また、カテゴリ1は原材料調達に関わる部分であり、調達コストと直結していることを踏まえれば、GHG排出規制の強化が市場における価格変動と連動し、当社グループの財務リスクとして顕在化する可能性があると認識しております。
Scope3排出量(t-CO2)割合カテゴリ1購入した製品・サービス4,640.572.6%カテゴリ2資本財222.13.5%カテゴリ3エネルギー関連活動52.10.8%カテゴリ4輸送・配送(上流)203.13.2%カテゴリ5廃棄物27.30.4%カテゴリ6出張1,025.816.1%カテゴリ7雇用者の通勤167.22.6%カテゴリ8リース資産(上流)9.10.1%カテゴリ12販売した製品の廃棄43.60.7%計6,390.8100.0% 項目排出量(t-CO2)割合Scope10.00.0%Scope2309.54.6%Scope36,390.895.4%計6,700.2100.0% <気候関連リスク及び機会を管理する目標及び実績>当社グループでは、シナリオ分析において明確化した指標を用いて気候関連のリスクを低減し、機会を最大化するため、気候関連のリスク及び機会の管理に取り組んでおります。

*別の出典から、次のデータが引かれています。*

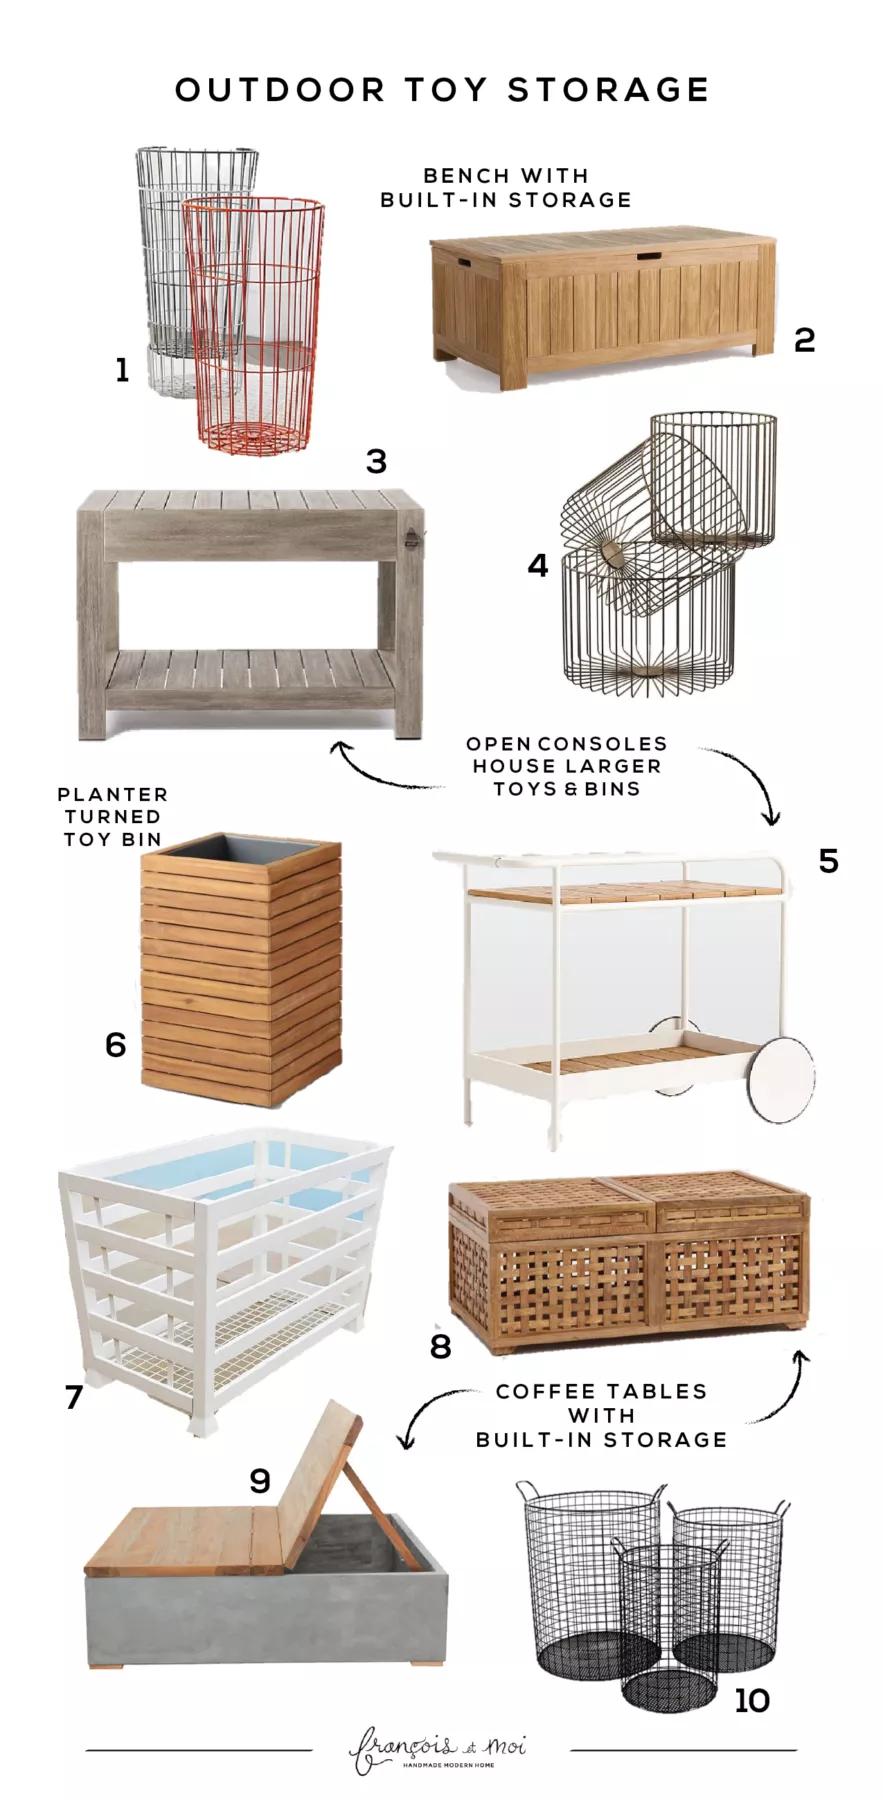 10 Outdoor Toy Storage Ideas - Francois et Moi

また、当社のGHG排出量については、1.5℃水準に配慮し、Scope1と2のGHG排出量を2030年までに、100%削減することを目標としております。
目標達成のために、これまで行ってきたビルのLED化やDX推進による紙・複合機の削減をさらに進めることで、Scope2を削減してまいります。
また、今後は事業所内での使用電力の中で再生エネルギー由来の電力の割合を増やすことで、Scope2の排出量を削減してまいります。
そのうえで、削減しきれない排出量については、非化石証書や再生エネルギー由来クレジットを購入することにより、オフセット(相殺)いたします。
Scope3については、調達先への働きかけ等を通じて排出量の削減を進め、カーボンニュートラルの実現を目指してまいります。
その際、価格ベースの排出原単位を用いたGHG算定方法では、事業規模の拡大とともにGHG排出量が自動的に増加してしまうことから、炭素強度の考え方を参考に売上高に占めるGHG排出量のトレンドから客観的な分析を行う等、算定手法の改善にも努めてまいります。
戦略 ②戦略当社グループでは、現状以下の3点をサステナビリティ重要項目と設定し、取り組みを推進しております。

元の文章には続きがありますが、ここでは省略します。